Eliezah Foundation Initiative
- Founded: 2005 (in Central Uganda)
- Founder: Eliezah Titus Busonga.
- Type: Nonprofit Organisation and women's rights Organisation
- Headquarters: Wakiso District, Uganda
- Location: Kawempe, Uganda;
- Region served: Uganda, More than 600,000 women and girls since 2010 and over 169 women's groups in Community
- Executive Director: Dorothy Ngabilano
- Key people: Eliezah Titus Busonga (Founder) Rehemah Nyanzi (Board President) Ann Kyalwazi (Director Of Programs)
- Volunteers: 216
- Website: http://www.efiug.org

= Eliezah Foundation Initiative Uganda =

Ugandan women's safety organisation

The Eliezah Foundation Initiative is a nonprofit organisation based in Wakiso District, Uganda, dedicated to women and girl's safety and social entrepreneurship.
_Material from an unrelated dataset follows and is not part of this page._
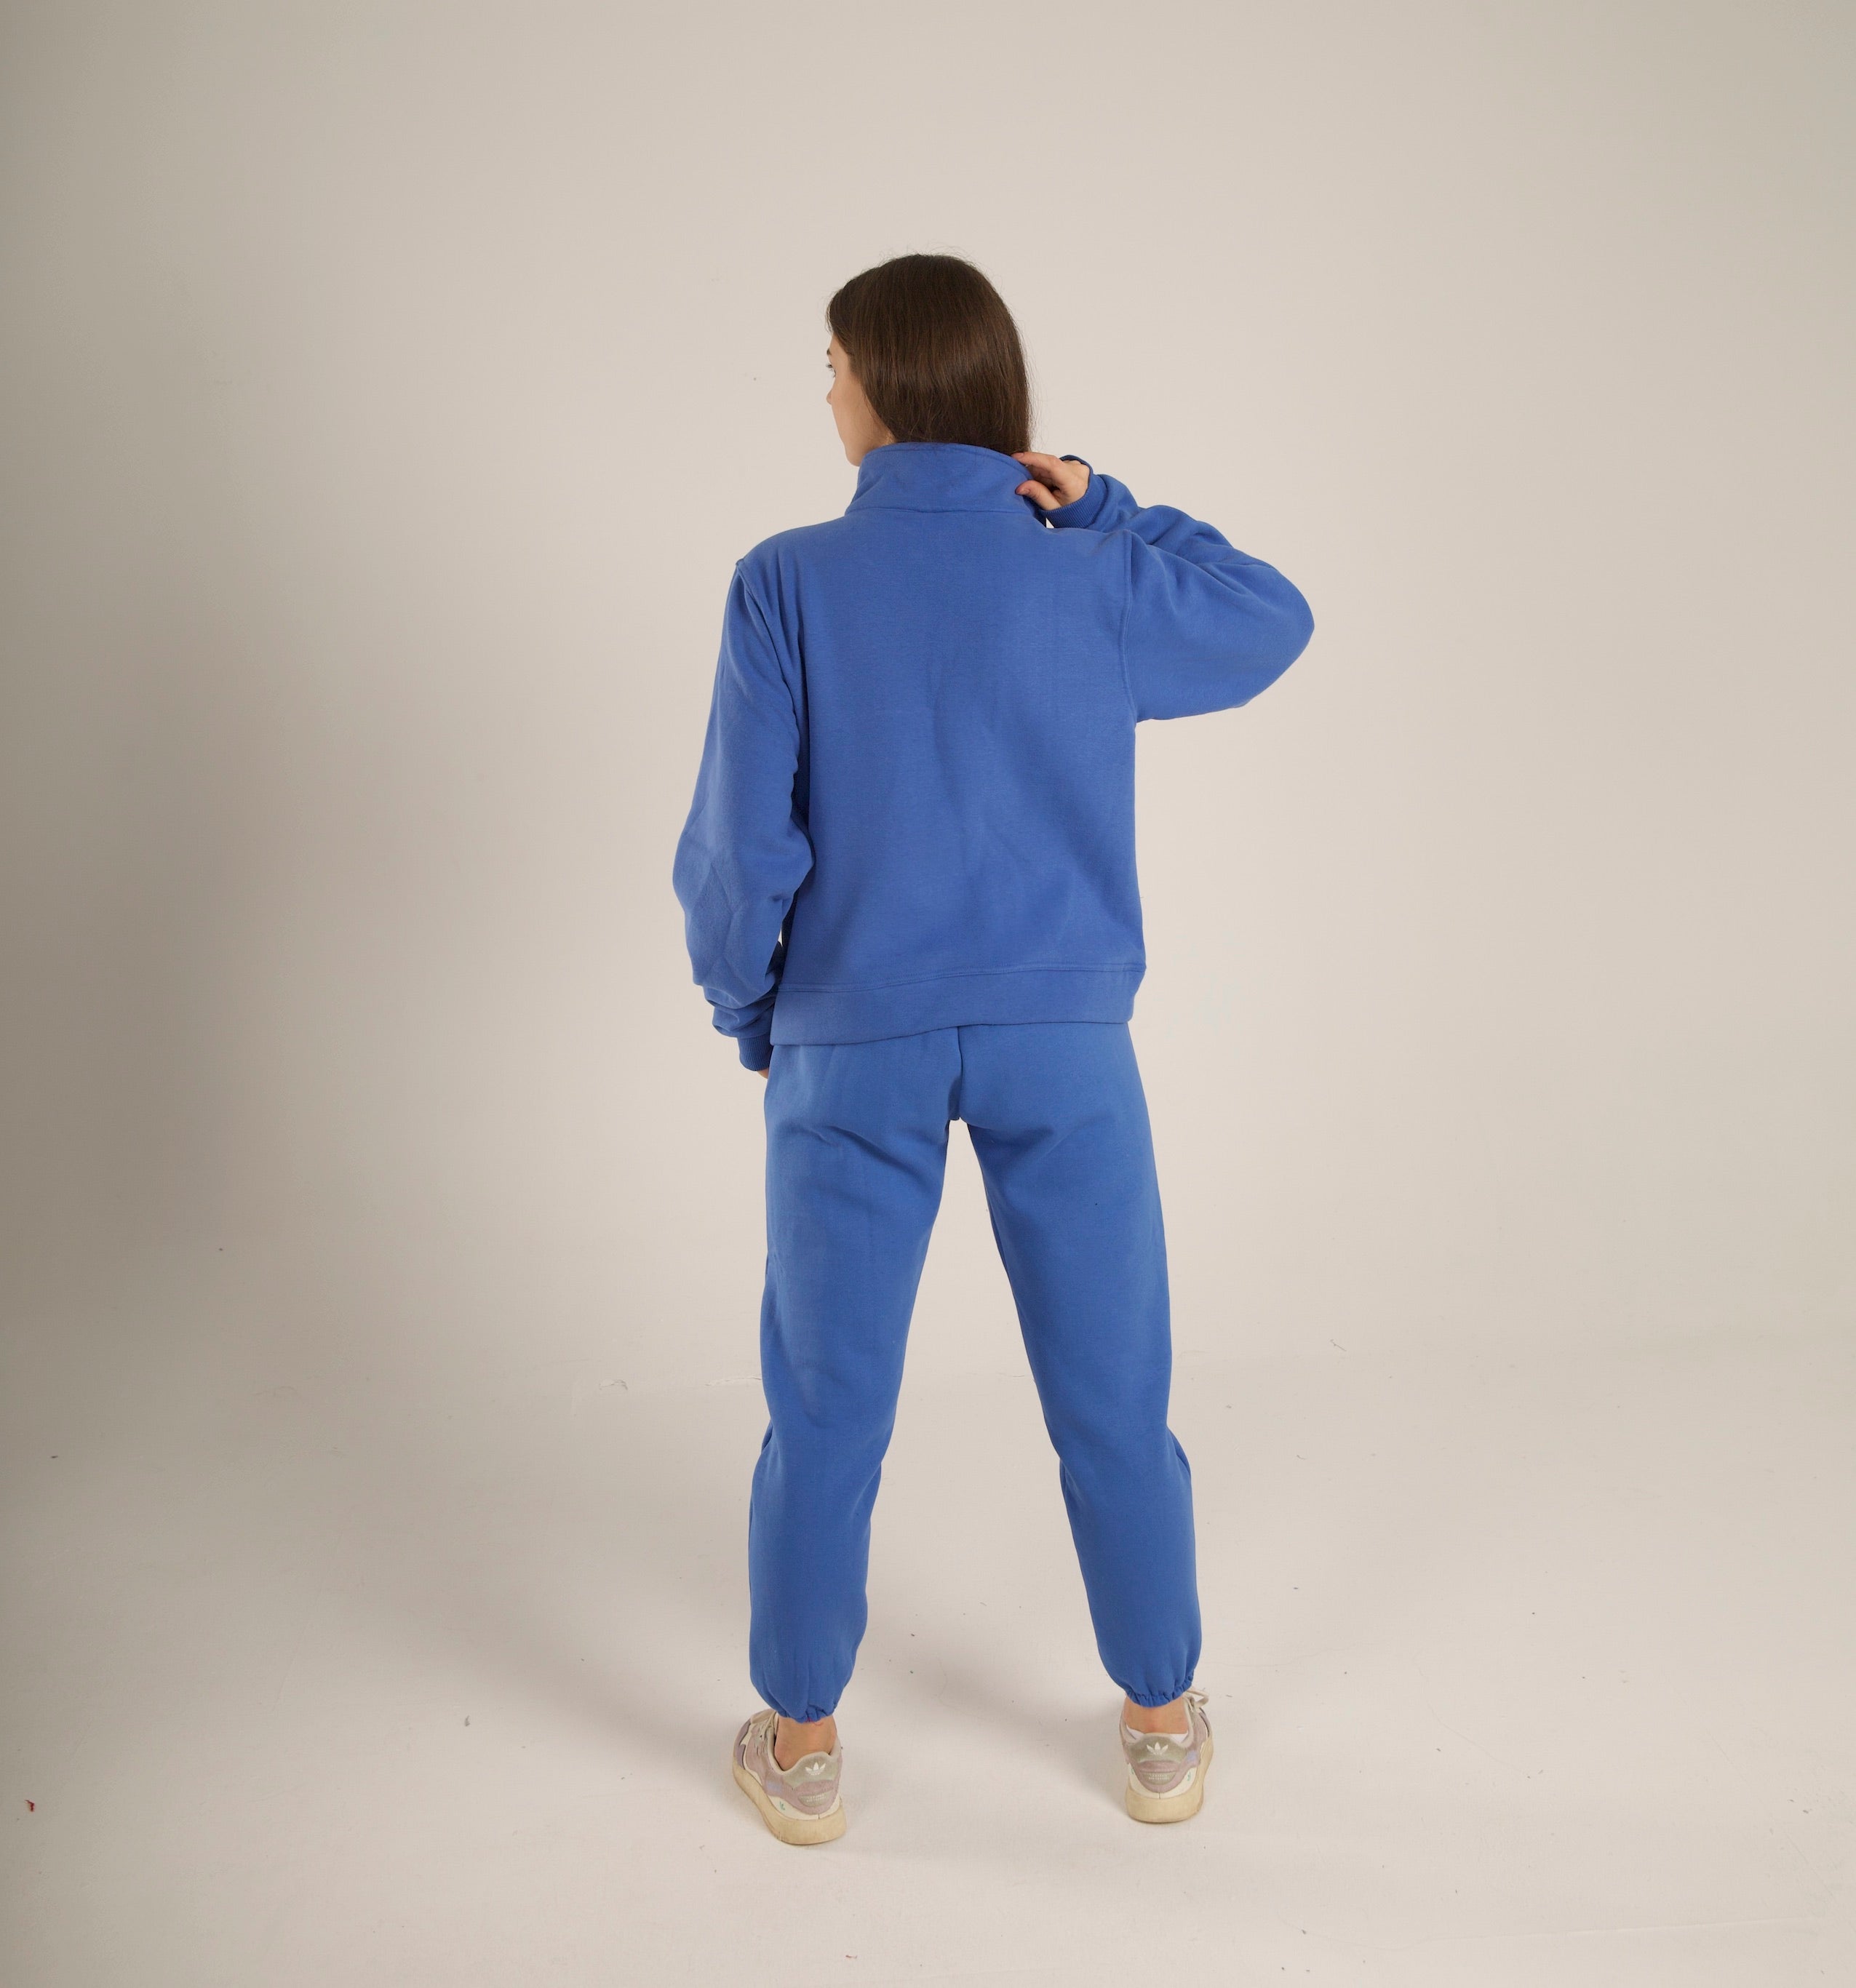 Snug set in blue (Sweatshirt + Pants)

Utilizing a Women First Approach as part of its Gender Equity strategy, the organisation partners with local and international organizations, to support women and girl's safety and development. It provides Women's shelter services, legal Aid support, and Business tutoring for women. It also facilitates community engagement through events like Periodic Community Dialogues on Gender and Safety, convenings and annual workshops, and training workshops to communities about women and girl's issues.

The "Community Participation" strategy includes local media campaigns to combat violence against women and promote initiatives such as Emergency GBV Services that work to prevent sexual violence, gender based violence and HIV partnerships that promote Adolescent health. Key partners include ViiV Healthcare, The Tokyo Metropolitan Public University, cultural leaders from the Buganda, Bunyoro, and Busoga Kingdoms, local media, and government departments in Uganda.

== History ==

The Eliezah Foundation Initiative was founded on August 5, 2005, by Eliezah Titus Busonga with the aim of helping young people plan for their futures and engage with elders and community resources to achieve their goals and become productive citizens. Initially, the foundation facilitated meetings for young people twice a week to discuss their progress and make necessary deliberations.

In 2009, the Eliezah Foundation became a registered community entity in Wakiso District, establishing its first district office at its current office in Maganjo b in (now Nansana Municipality). By 2014, the organization had expanded its operations to four additional districts: Jinja, Hoima, Arua, and Kampala and was in Consultative status with UN ECOSOC. In 2018, it achieved full registration to operate nationwide and acquired the 501 (c) Status in Uganda, broadening its impact and reach across the country.

Over the years, the organisation has supported over 600,000 people and played a significant role in advocating for the inclusion of children, young people and women and girls' budgeting and planning in government policies, significantly contributing to gender equality and social justice in Uganda. It has participated in government policy processes and been part of several forums for women and children.